SOURCE MATERIAL:

^^^^

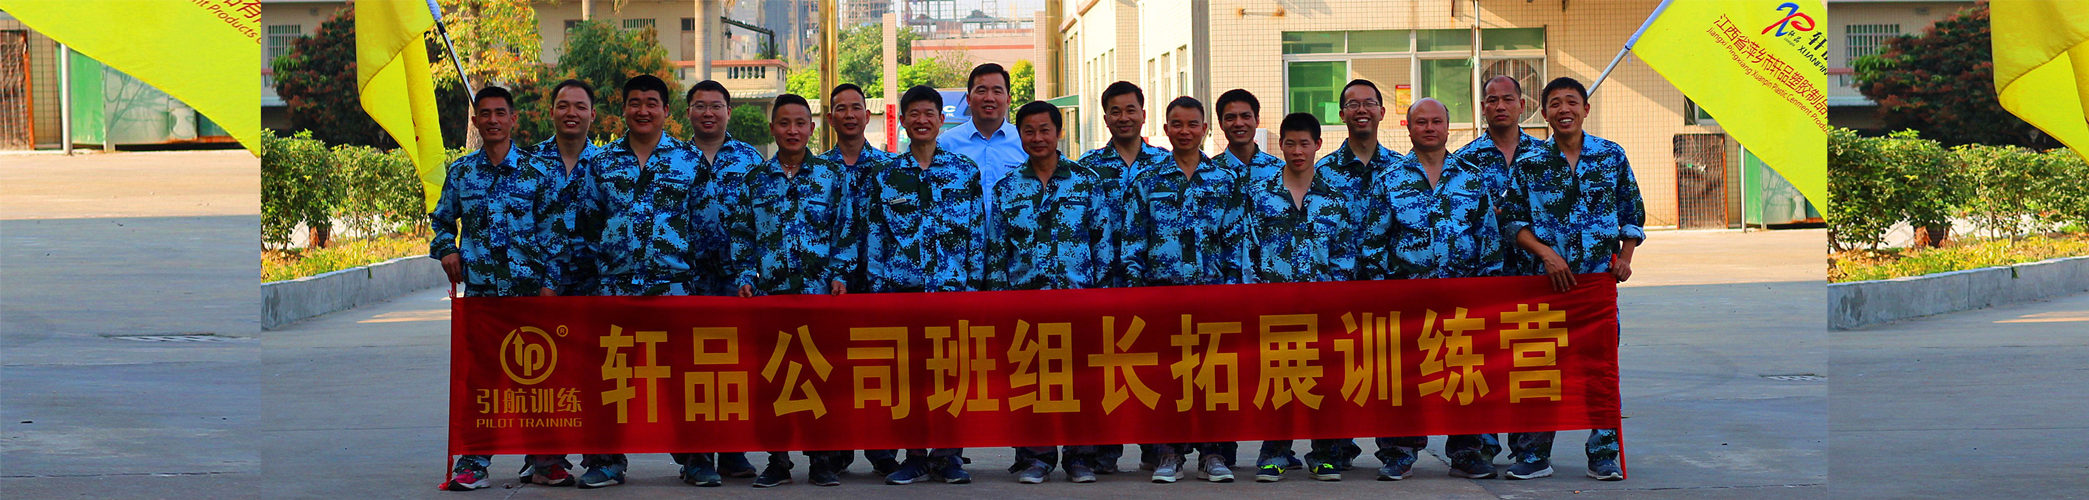 萍乡市阳光志愿者协会2017年度表彰大会
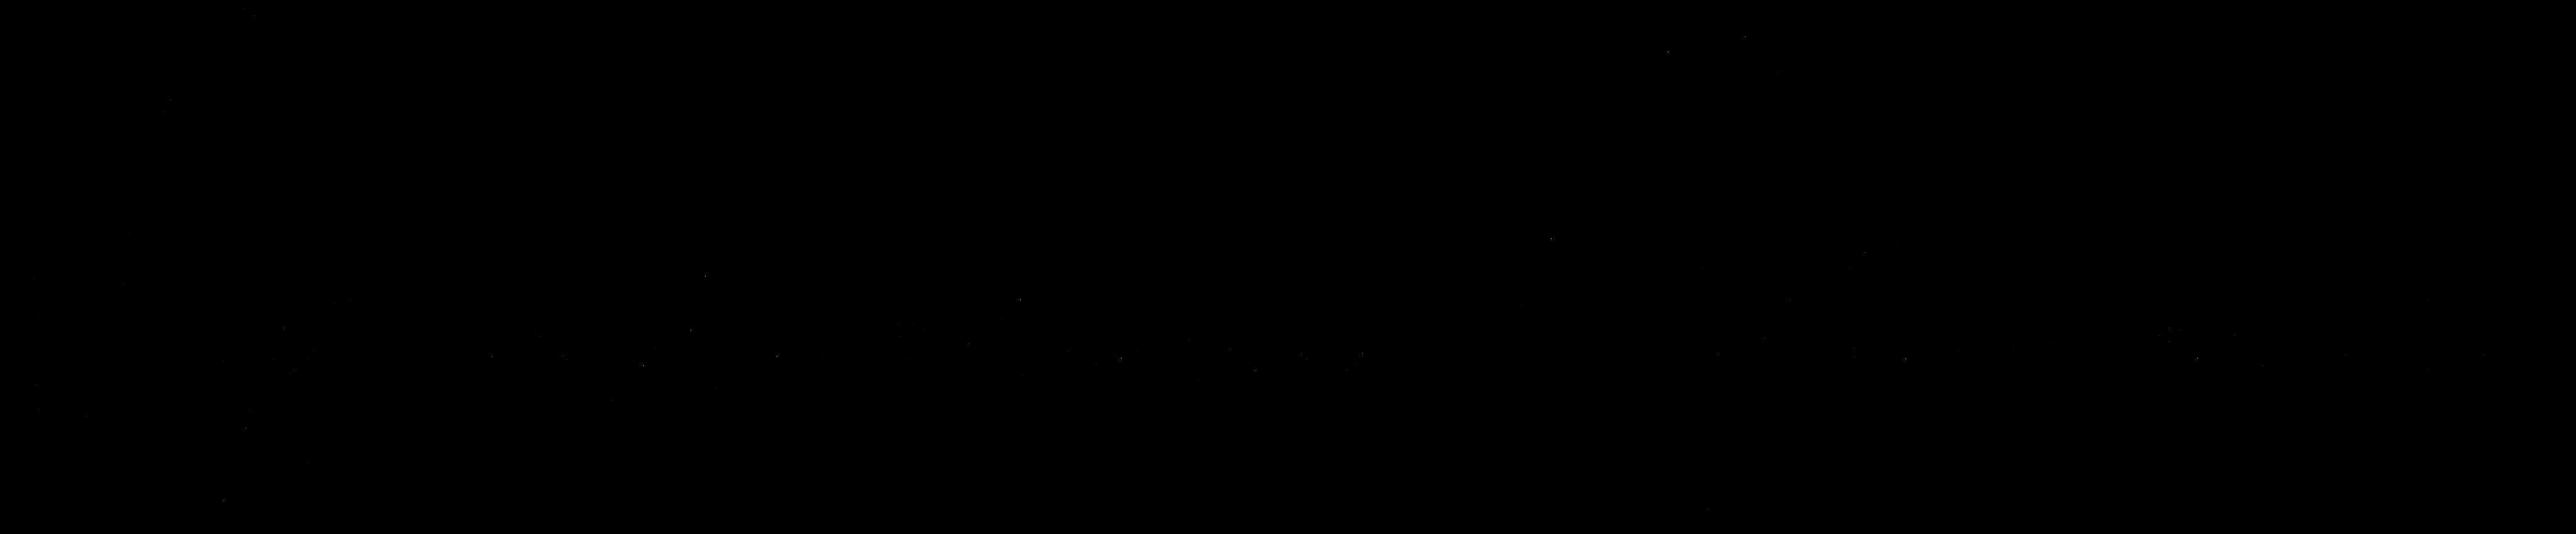 Vigneshwaran Ganesan
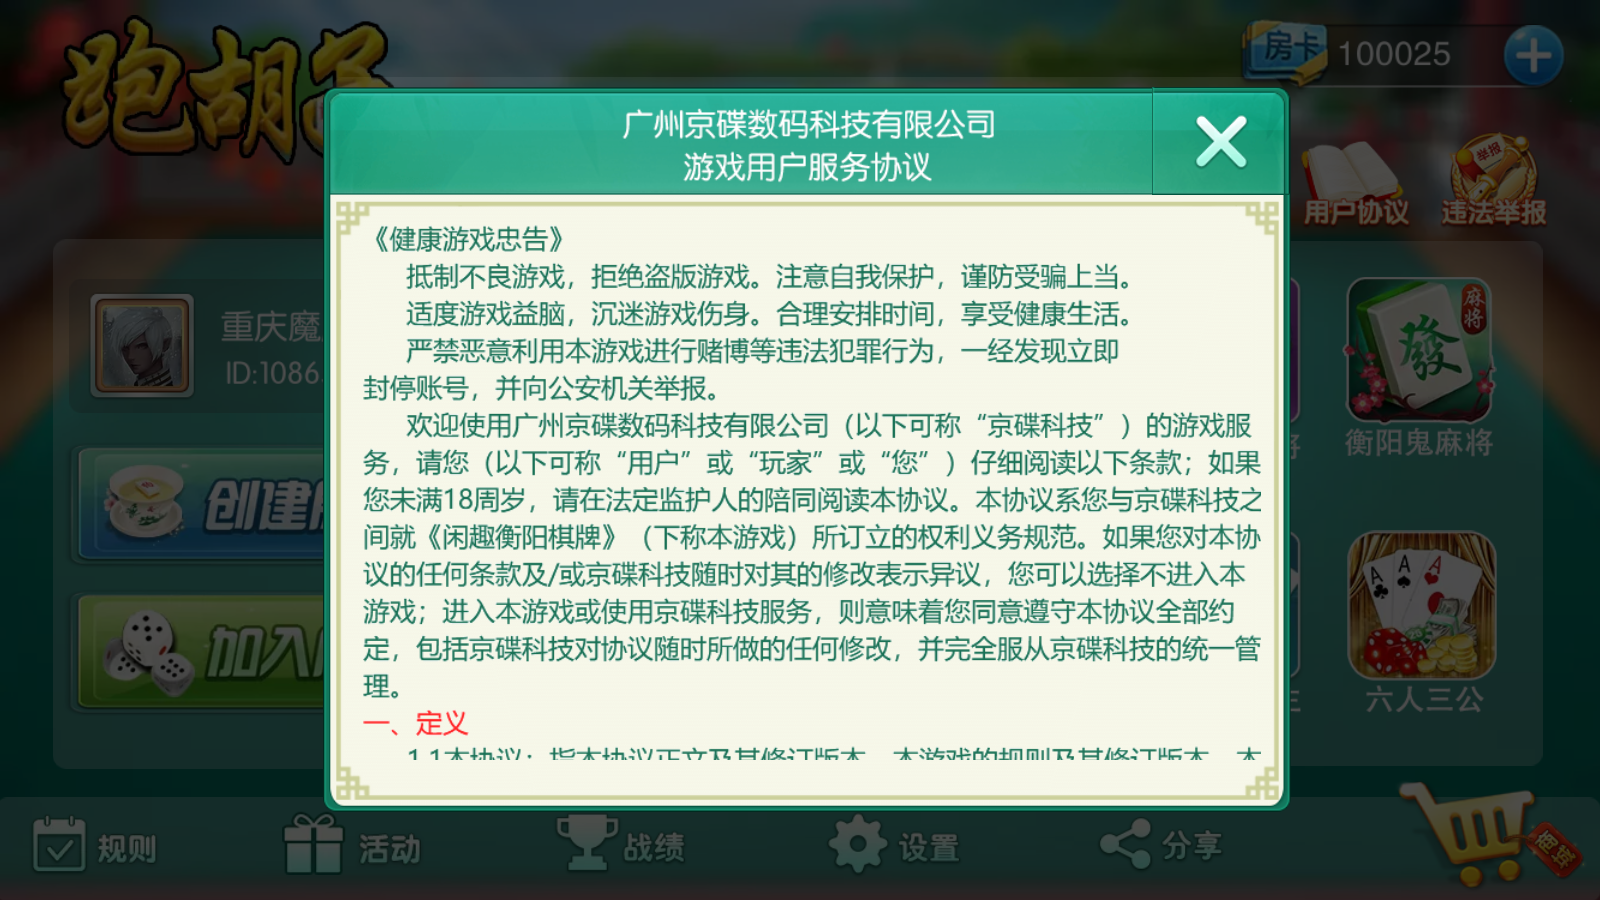 网狐二开跑胡子合集 麻将游戏 字牌游戏 扑克游戏 完整整理-第8张

^^^^

EXERCISE: Word-for-word restatement: every line from the one with "Vigneshwaran Ganesan" through the final line of the data, both ends included, pictures excluded.

RESPONSE AREA:
 Vigneshwaran Ganesan
 网狐二开跑胡子合集 麻将游戏 字牌游戏 扑克游戏 完整整理-第8张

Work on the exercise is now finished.